The song was featured on their 1972 album You Want It, You Got It. It was featured on their 1973 album Feel the Need and has appeared on many other compilation albums since.

The group re-recorded the song and re-released a disco version in 1977 as "Feel the Need". This version reached number 12 on the UK Singles Chart, number 14 on the U.S. dance chart, number 73 on the R&B chart, and number 90 on the Billboard pop chart.

==Other ==
- Graham Central Station released a funk version of the song as a single called "Feel the Need" in 1975 which reached number 18 on the R&B chart and number 53 on the UK Singles chart.

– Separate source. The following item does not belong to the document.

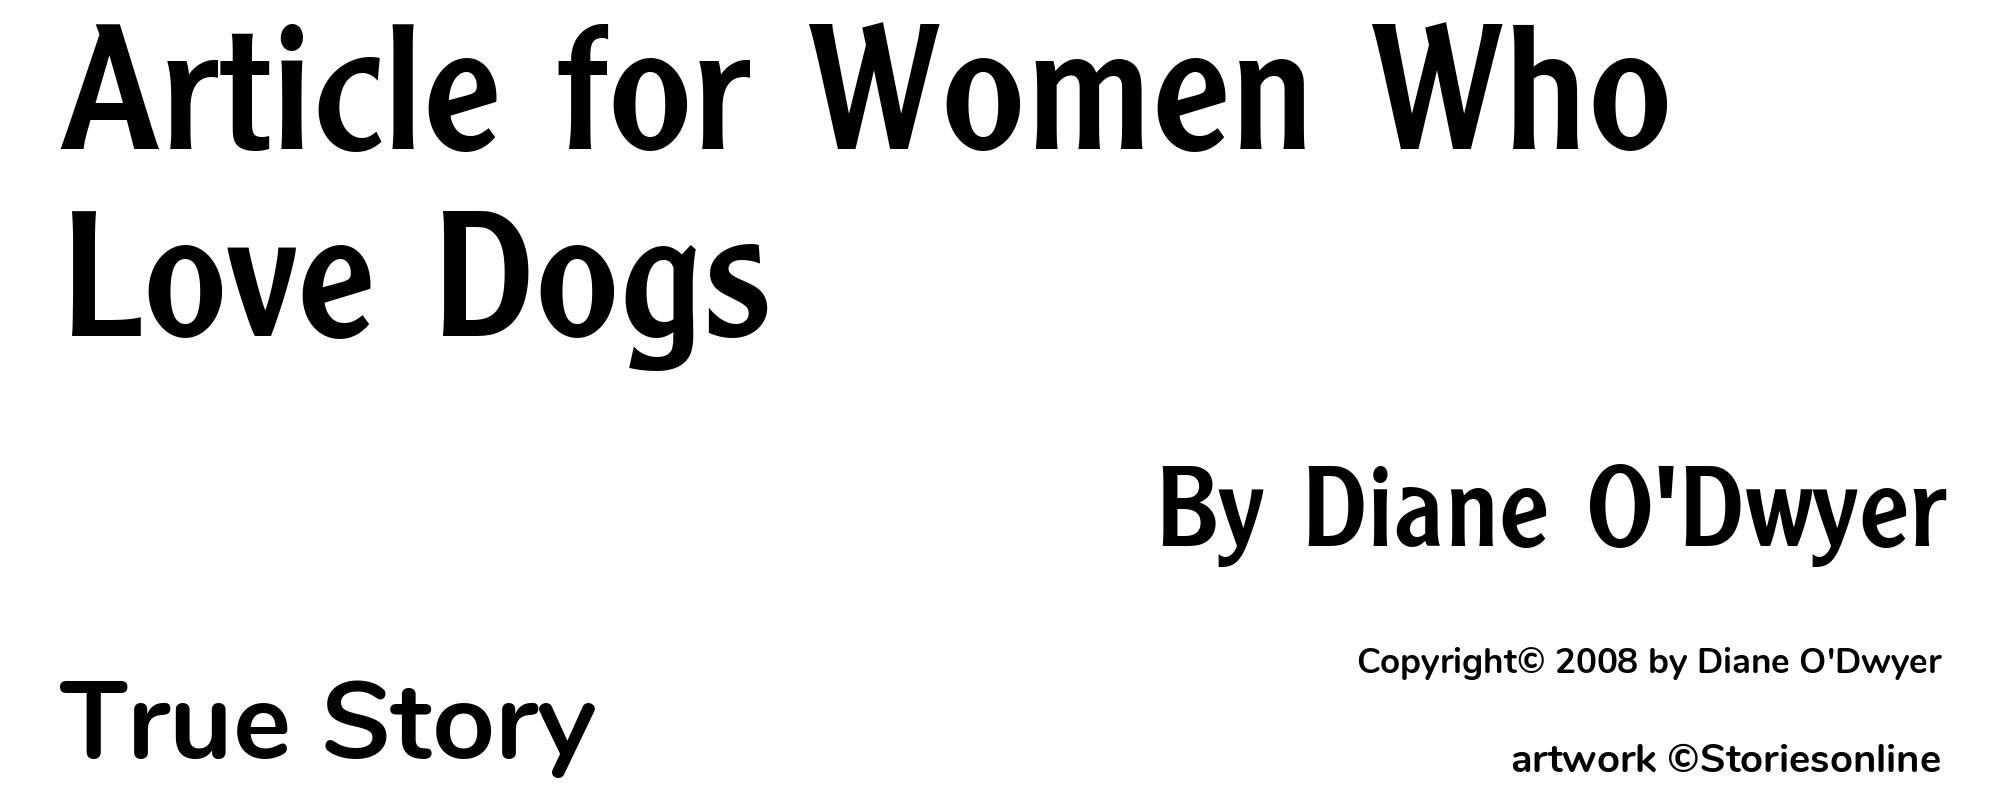 Article for Women Who Love Dogs - Cover

- Leif Garrett released a version of the song as a single called "Feel the Need" in 1979, which reached number 38 on the UK Singles chart and number 57 on the Billboard pop chart.
- Forrest released a version of the song as a single in 1983, which reached number 17 on the UK Singles chart.
- Shakin' Stevens released a version of the song as a single in 1988, which reached number 26 on the UK Singles chart.